Никогда, конечно, ничего похожего не могло быть сказано вслух. Но Толстой, должно быть, слышал голос, говорящий ему нечто подобное, голос, конечно, не самой Ахматовой, а той подавляемой части его души, которую пробудило общение с Ахматовой в хаотической и относительно свободной ташкентской обстановке. Двукратное «Эх, ты...» Анны напоминает язык простейших слов, которым разговаривает с Иваном Ильичом его душа у Толстого Льва. Да Иван и сам говорит: «Таких речей тебе не придумать и таких слов не подобрать, какие сам себе повторяю...»

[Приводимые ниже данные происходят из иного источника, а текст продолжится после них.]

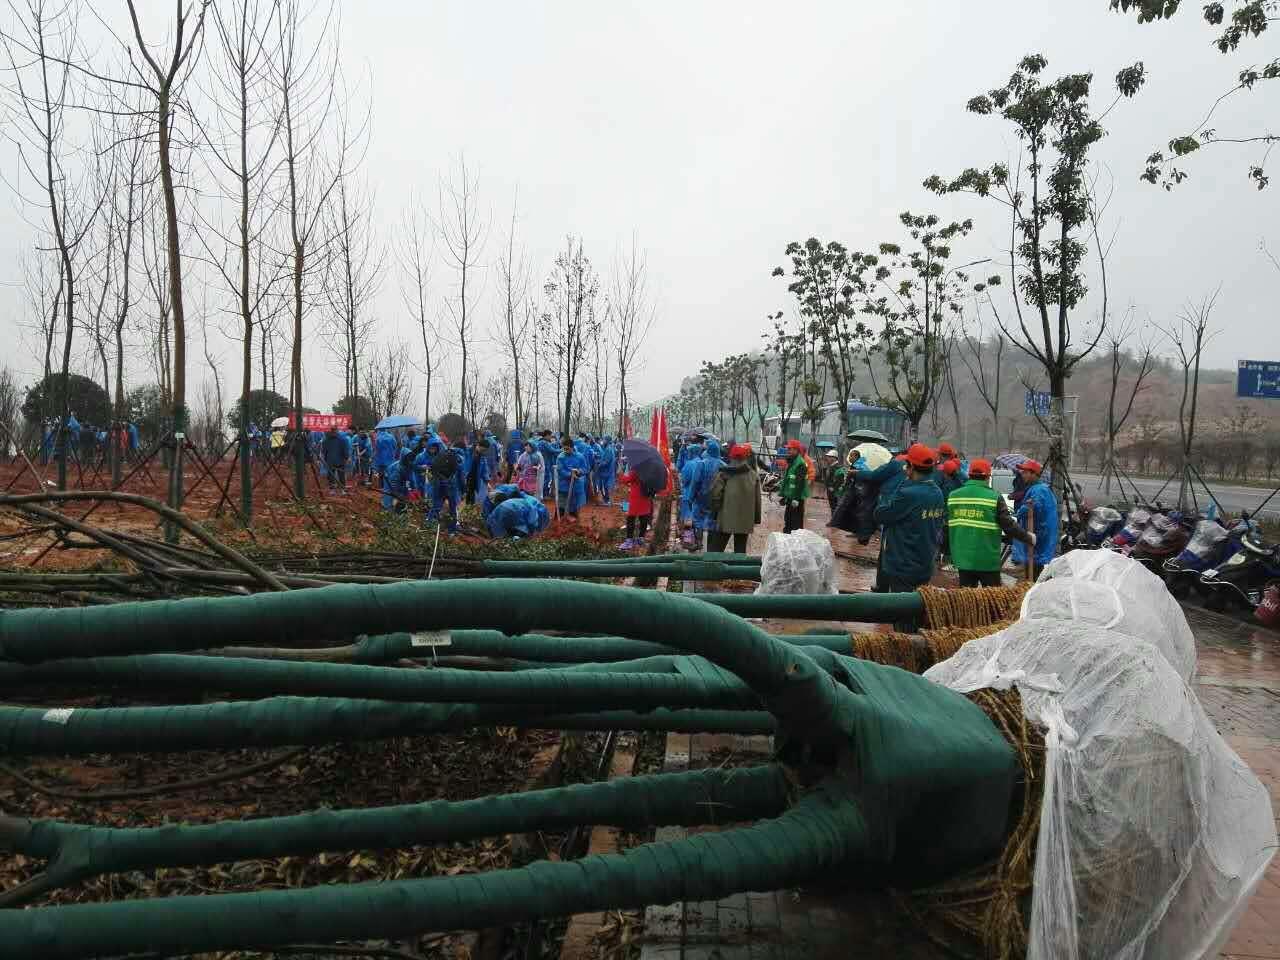 2017.3.12 湘潭市在我工地上的植树活动.jpg

Анна Вяземская указывает на заслуженную Иваном славу, которую он только марает нынешним поведением: «Про тебя бы малым ребятам лучину зажечь — сказки рассказывать». Если это отнести к нашему автору, то тут уловим отзвук ранних его, «сказочных» лет, 1910-х гг., — а может быть, и эхо яркого зачина «Петра Первого», где есть и малые ребята, и лучина, и сказки. Ведь «Петр» нравился всем, даже тем, кто Толстого не одобрял.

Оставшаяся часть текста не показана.